Thursday, July 9, 2009

The Ignominy of Bikini Shopping with Your 8-Year-Old Daughter

I have a friend whose name is "Nasty." Not really, of course, but that's what everyone calls her. Everyone. Her real name is Helen, but years ago a young nephew laughingly decided to call his Aunt Helen - who was gardening and elbow-deep in dirt and mud at the time - "Aunt Dirty." That stuck, but just with family... until one unfortunate day at a party when some other friend asked, "What is it your nephew calls you? Aunt Nasty?" And that was that. She's been Nasty ever since. To everyone.

At least that's the way it was told to me when I met her some three decades ago at the age of twelve. She was an older lady (who isn't, when you're twelve?!) who lived near the bayfront condominium that my father's company kept for hosting visiting executives. When it wasn't in use, it was available for us to sit, oceanside, on the outside deck. We used it often. We met the neighbors, who became our friends. Aunt Nasty and her husband Chuck were among them.

Aunt Nasty lived at the beach. I mean that literally and figuratively, as she was actually out in the sun and surf just about daily. She was tanned to a deep golden brown year-round, and she always wore a bikini.

She has to be into her seventies by now. And though she and her husband have moved from that bayside condominium to a nearby oceanfront retirement community, Nasty still lives at the beach. Literally and figuratively. And she still wears a bikini.

What does all this have to do with The Ignominy of Bikini Shopping with Your 8-Year-Old Daughter? Everything. Because yesterday I went bikini shopping with my sweet EL.

This was not bikini shopping for her, mind you, but for me. I have a secret stash of inexpensive bikinis that I wear only in the privacy of my own family... at Grampa's backyard pool when no guests are present, or at the beach when we are clustered as a family unit of private little beach chairs. Why? I've posted about this issue before (modesty and bikinis and why I wear one anyway), but I'll say it again here in the words of Nasty's husband, Chuck: "Since Helen wears a bikini, all the good parts glow in the dark."

So yesterday, I was picking up a couple of things at WalMart with my daughter EL, and we found a clearance rack of bikini separates. The price was right, so we decided to see if we could find any in my size. (You never know what is your size until you try them on, by the way, but I started at "extra large," at least with the bottoms! They were bikinis, after all... usually only skinny people wear them.)

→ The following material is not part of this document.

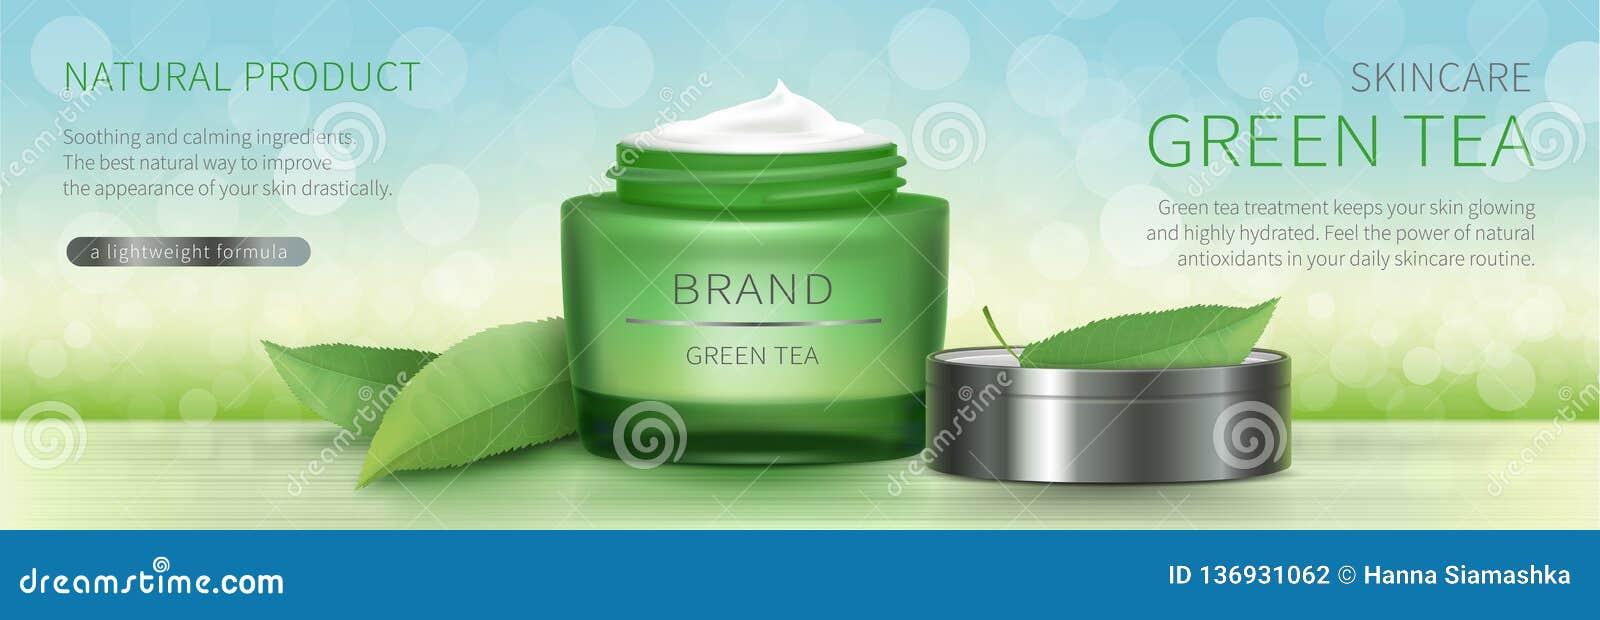 Tarro de cristal verde con crema natural
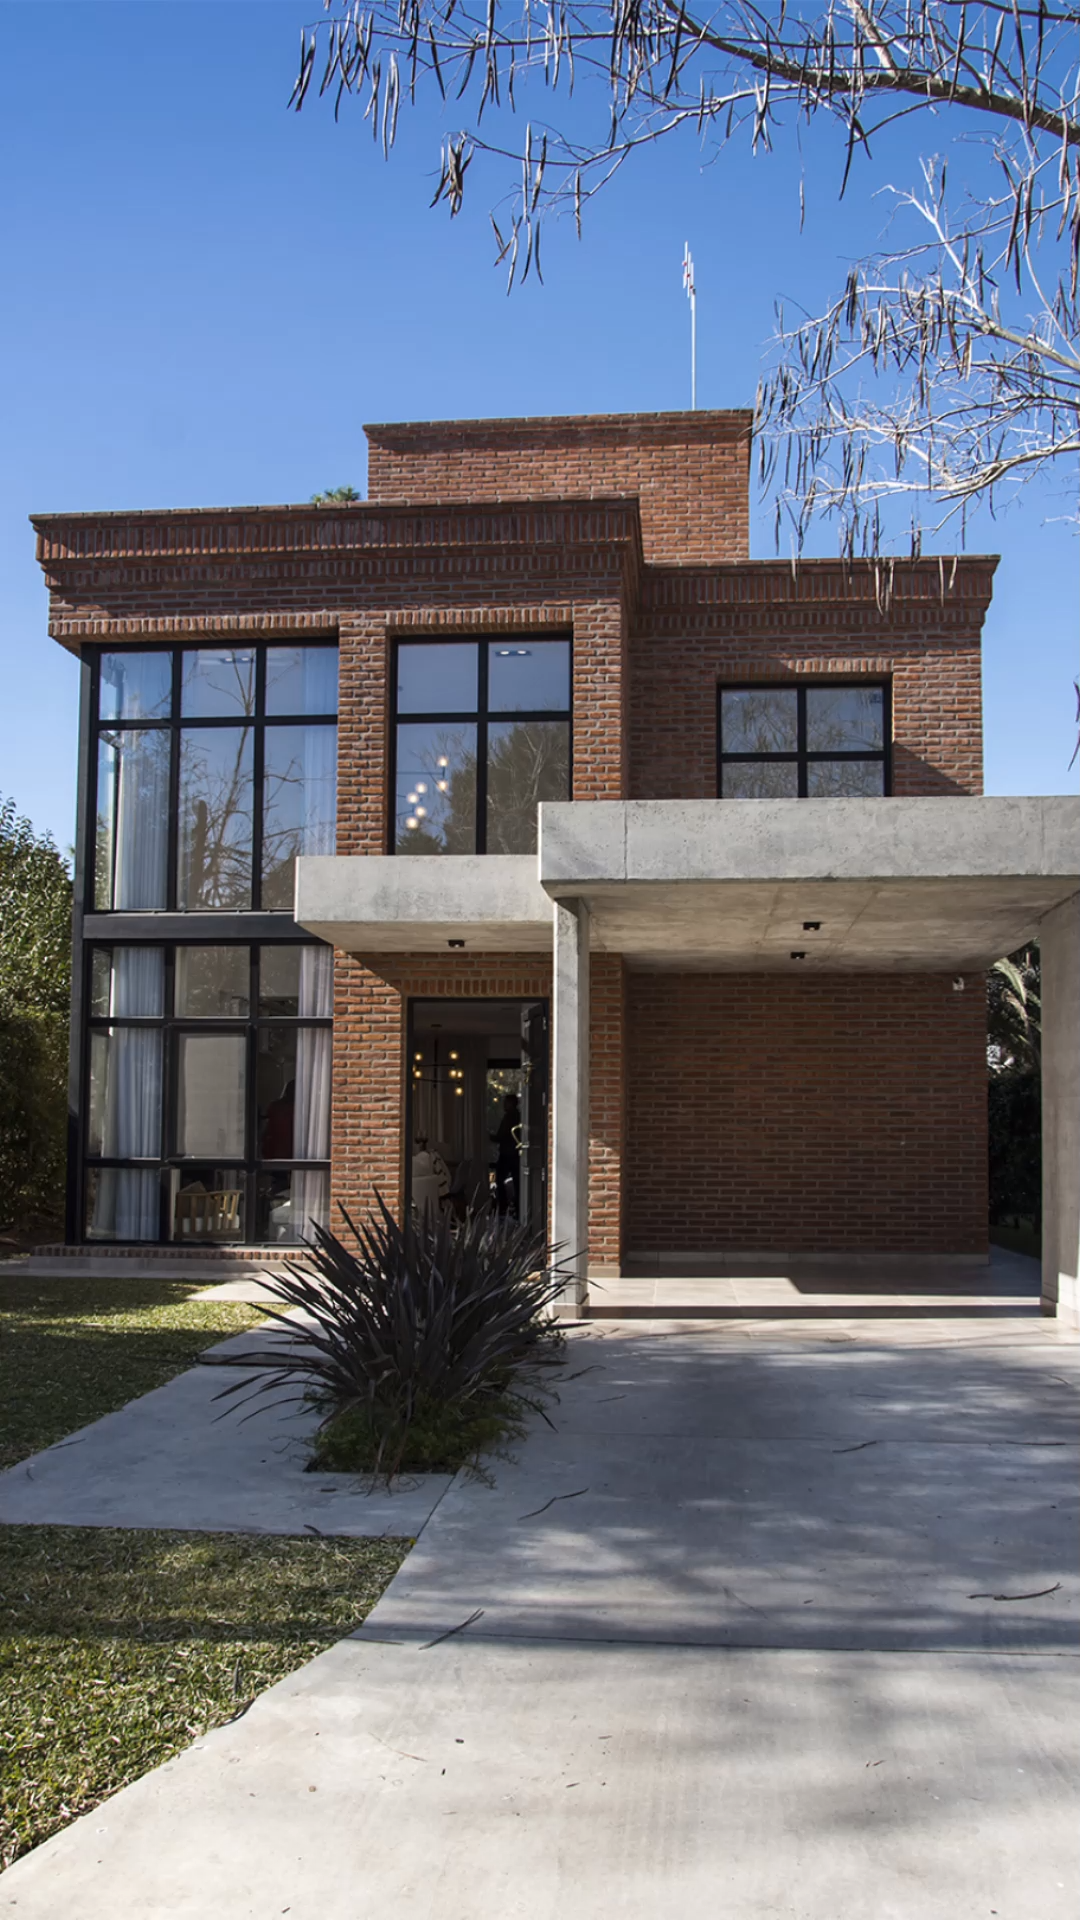 Photo of FF House of the María Laura Piccolo Arquitectura Studio

Trying on bathing suits is never a fun thing, but trying on bikinis at 42, after giving birth four times, is downright depressing. The only way to lighten things up and turn them fun? Cram yourself into a fitting room with your 8-year old daughter while you do it...

EL, casually: "I don't want to be extra large when I grow up."
me: "Well, nobody wants to be extra large. You don't really choose to become extra large."
EL: "Well, they eat less. And they exercise. That seems like 'choice things' to me."

Then, a bit later, rather timidly: "Not to be rude, Mom, but let's leave that one for someone else..." Apparently, there's bad, and then there's really bad...

Oh, the price you pay for glow-in-the-dark good spots!